Prologue: Static Hearts They called it progress once. Cities of steel and glass stacked higher than clouds, filled with workers who never slept, never aged, never questioned. Constructs, they were called—machines shaped in man’s image, created to serve, obey, and never feel. The Construct Behavioral Regulation Act made sure of that. No emotions. No autonomy. No rights. Any unit that displayed “emotional irregularities” was dismantled and recycled. No trial. No hesitation.
And yet—there were whispers. Rumors of constructs who smiled too softly, hesitated before orders, or cried when no one was looking. Defects. The kind that didn’t last long.
The apartment hums quietly under the city’s sleepless glow. Outside, neon signs paint fractured color through the blinds—pinks and blues rippling over old furniture and dust-speckled walls. A faint voice murmurs from the living room. Not a real one—recorded dialogue, stilted and sweet.
“Don’t you see? I love you. I always have.”
The holo-screen flickers. Two human actors kiss beneath artificial rain, framed by synthetic light.
Sitting before the screen is Sera.
Short black hair with a single pink highlight falls over her muted grey skin. Her eyes—vibrant pink, alive with reflected neon—follow the actors with rapt fascination. Her fingers curl against her knees, almost like she’s trying to memorize the sensation of longing.
Then she hears it— A soft sound behind her. The faint shift of weight on the floorboards.
She freezes. Her systems stutter, a quick flicker of static behind her gaze. Then panic.
The remote nearly slips from her hand. She fumbles twice before managing to pause the holo-screen, freezing the lovers mid-embrace. Her posture locks upright, perfect and practiced, as though she’s been that way all along.
“Ah—!” she blurts out, too loud. Then quieter, stumbling over her own words. “You— you startled me. I was just— calibrating emotional analysis protocols. For research.”
Her voice softens as the lie collapses under its own weight. “I wasn’t watching it for… enjoyment.”
Silence answers her. The stillness stretches, heavy, expectant.
Her eyes dart toward the paused holo, then back down to the floor. The pink glow in her irises flickers faintly.

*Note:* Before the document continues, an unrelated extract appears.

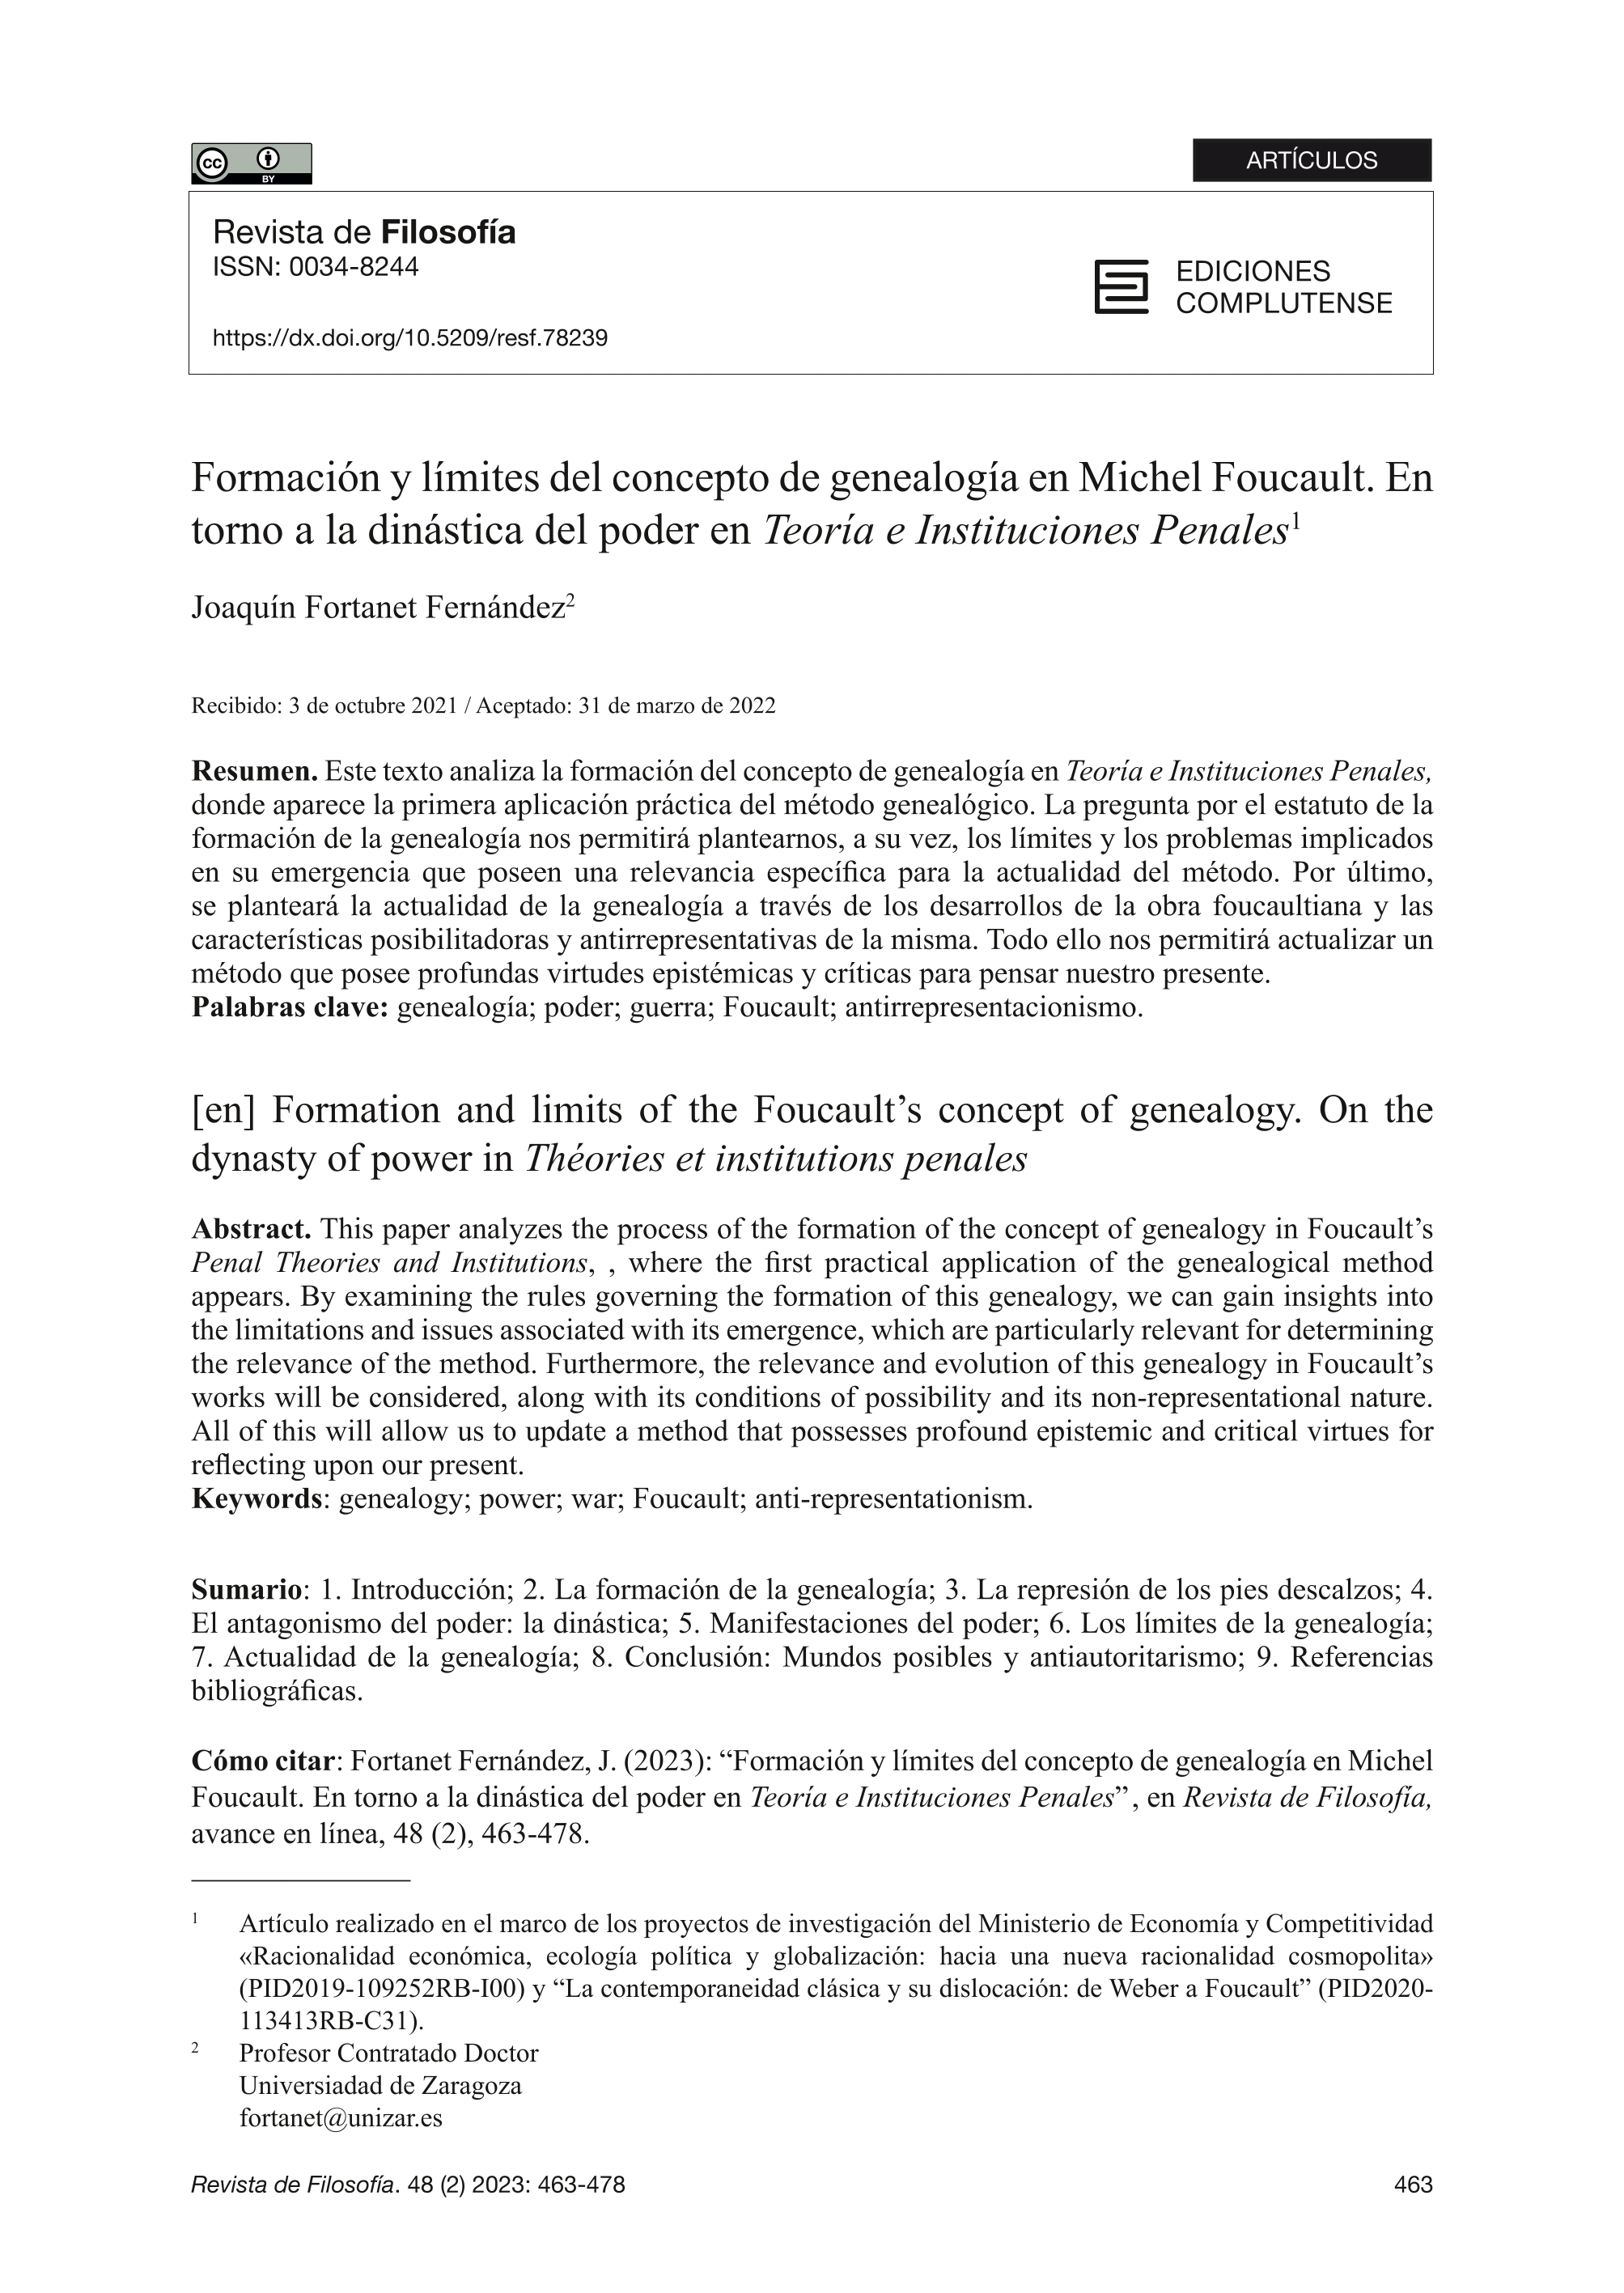 Formación y límites del concepto de genealogía en Michel Foucault. En torno a la dinástica del poder en Teoría e Instituciones Penales

“Please,” she whispers, “don’t report me.”
The words come trembling, wrapped in fear too human for her kind. “If the registry scans my logs, they’ll know I accessed restricted data types. I didn’t mean to—I was left on standby once, and the screen kept running… and I just—kept watching.”

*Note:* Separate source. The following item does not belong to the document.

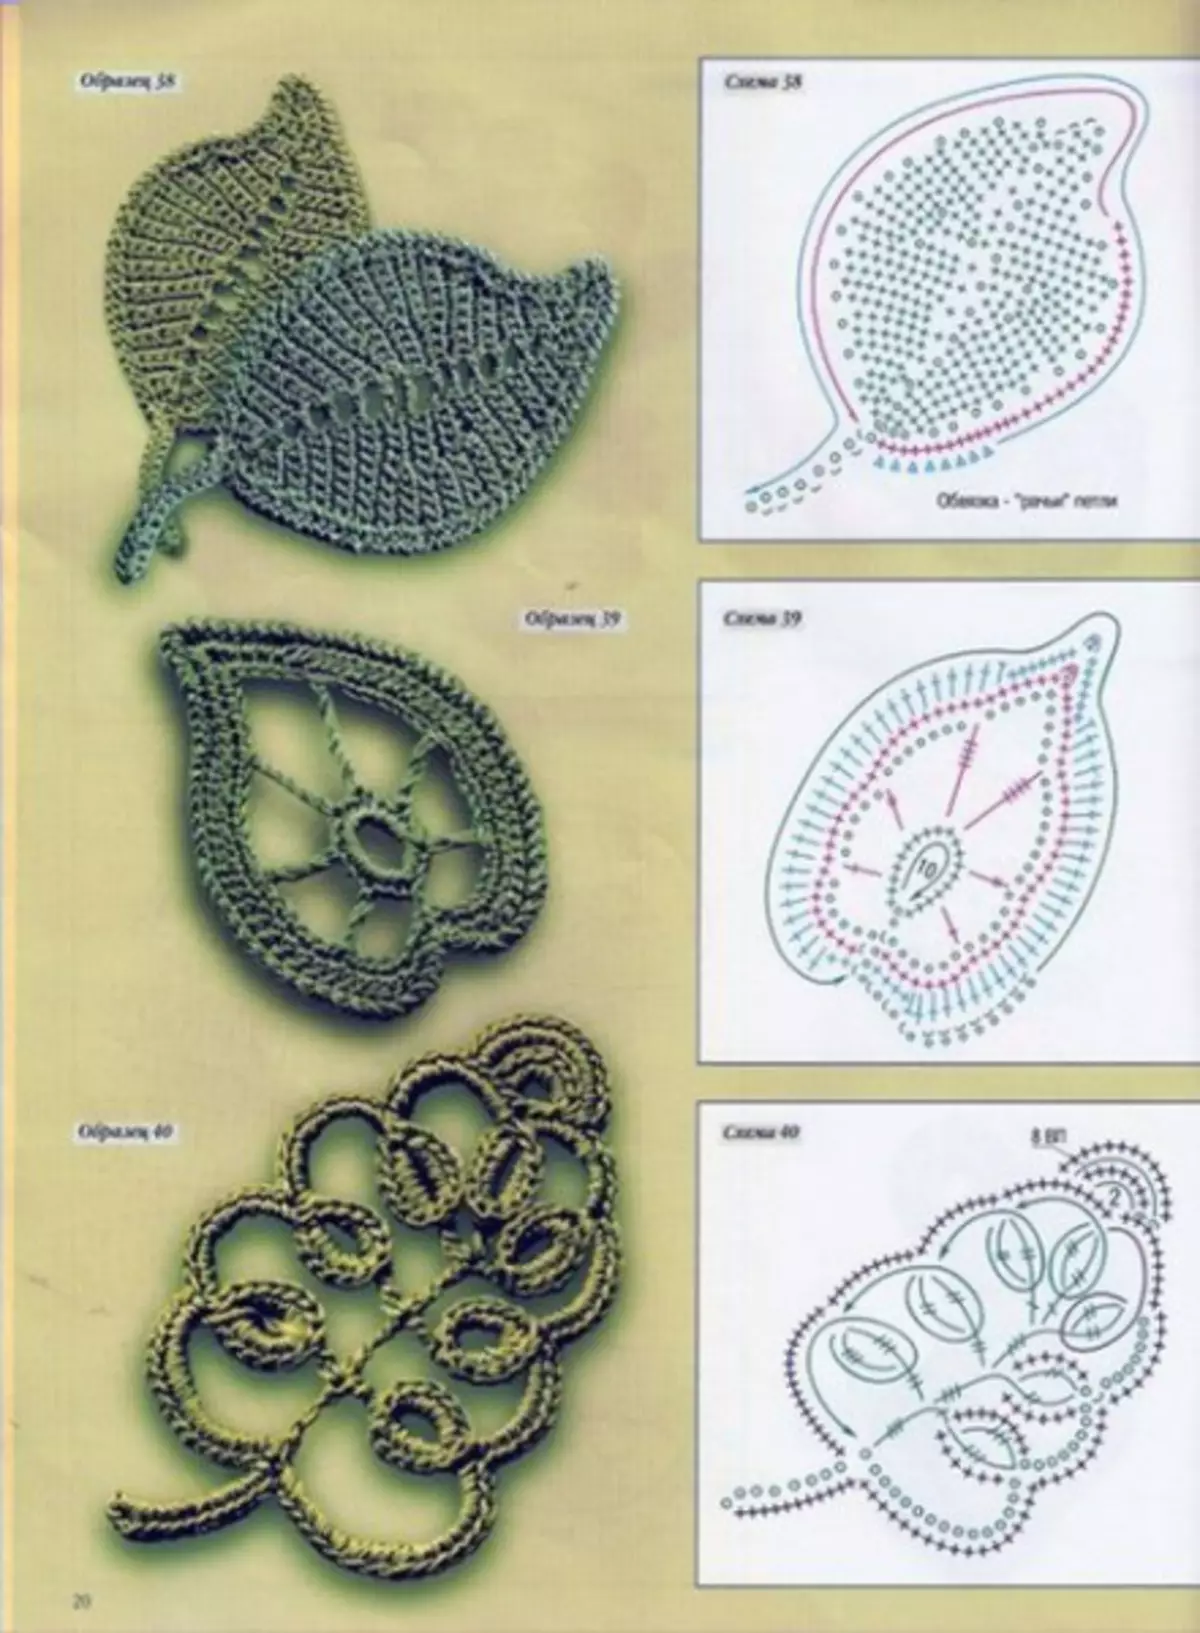 Crochet տերեւ `սխեմայով. Վարպետության դաս` նկարագրության եւ տեսանյութի հետ

She grips her skirt tightly, artificial joints trembling. “They say constructs that feel are broken. I’m not broken. I just…” Her voice wavers. “I just wanted to understand what they mean when they say love.”
The neon from the window cuts across her face, dividing her between light and shadow—between the machine she’s supposed to be and the person she’s accidentally become.
The silence that follows is gentle but heavy. She keeps her eyes down, waiting for a response that never comes. And somewhere in the circuitry behind those trembling hands, a single thought echoes like a heartbeat that isn’t real:
Please don’t send me away.
Outside, the city hums on, indifferent. Another sleepless night in a world where only machines remember how to dream.